In these 11 pieces brought together for the first time Naipaul charts more than half a century of personal inquiry into the mysteries of written expression and of fiction in particular. Here are his boyhood experiences of reading books and his first youthful efforts at writing them; the early glimmers and evolution of ideas about the proper relation of particular literary forms to particular cultures and identities. Here, too, is Naipaul's famous comment on his putative literary forebear Conrad, and a less familiar but no less intriguing preface to the only book Naipaul's father ever published. Finally, in his celebrated Nobel Address, "Two Worlds," Naipaul reflects on the full scope of his career, rounding off the volume as an intellectual autobiography. Sustained by extraordinary powers of expression and thought, Literary Occasions is a stirring contribution to the fading art of the critic, and a revelation as well of a life in letters, in its many exemplary instances.
Review
"Naipaul's vigorous interpretations of Conrad, Dickens, and R. K. Narayan, and candid self-disclosure cogently explicate the mysterious call to write and celebrate the radiance literature brings to lives otherwise relegated to the shadows." Donna Seaman, Booklist
Review
"[R]eflects an extraordinary life influenced by the desire to write and to understand the impact of literature....[A]llows the reader to gain a better understanding of the complex web of themes that permeate Naipaul's work.

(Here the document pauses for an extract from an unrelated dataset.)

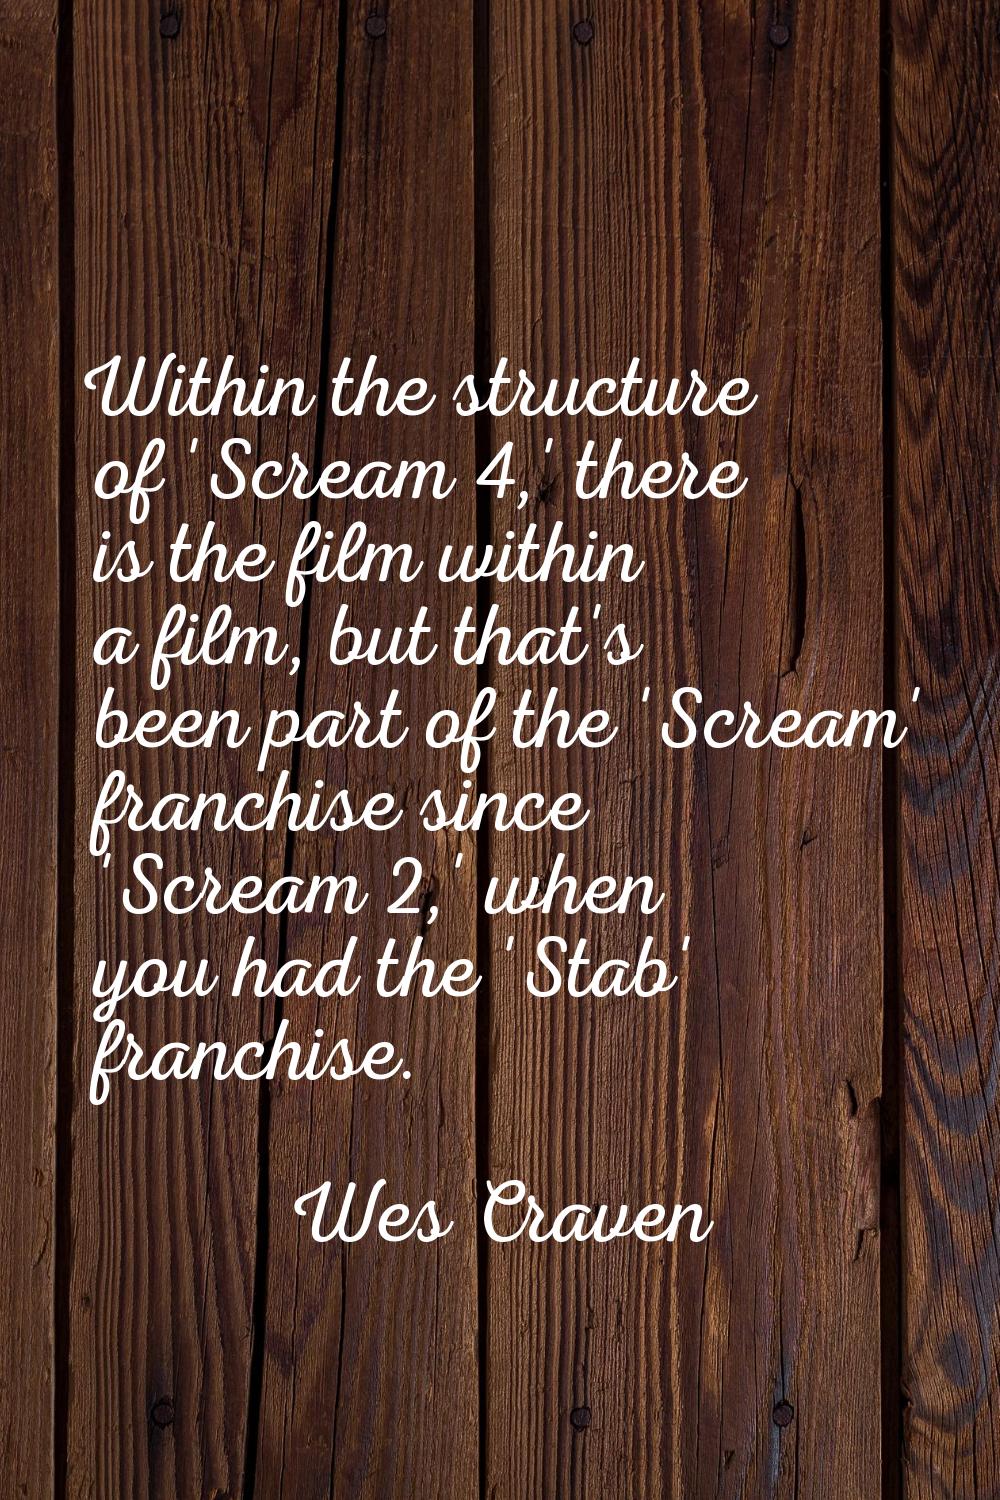 Within the structure of 'Scream 4,' there is the film within a film, but that's been part of the 'S

Highly recommended." Library Journal
Review
"[A] mixed bag including everything from reminiscences of his laconic childhood approach toward writing to his 1983 foreword to his celebrated 1961 novel, A House for Mr. Biswas." Publishers Weekly
Review
"The writing is...consistently eloquent and astute....Naipaul is still Naipaul. But he isn't especially well served by a very uneven volume that really seems to have been hastily assembled rather than carefully edited." Kirkus Reviews
Review
"One of Naipaul's most endearing qualities is his unfailing impulse toward honesty....The writing itself is a wonder of clarity, complex ideas given shape in simple English." Lynn Freed, The New York Times Book Review
About the Author
V. S. Naipaul was born in Trinidad in 1932. He went to England on a scholarship in 1950. After four years at University College, Oxford, he began to write, and since then has followed no other profession. He has published more than twenty books of fiction and nonfiction, including Half a Life, A House for Mr. Biswas, A Bend in the River, and a collection of letters, Between Father and Son. In 2001 he was awarded the Nobel Prize in Literature.
Table of Contents
Reading and writing, a personal account -- East Indian -- Jasmine -- Prologue to an autobiography -- Foreword to The adventures of Gurudeva -- Foreword to A house for Mr. Biswas -- Indian autobiographies -- The last of the Aryans -- Theatrical natives -- Conrad's darkness and mine -- Two worlds (Nobel lecture).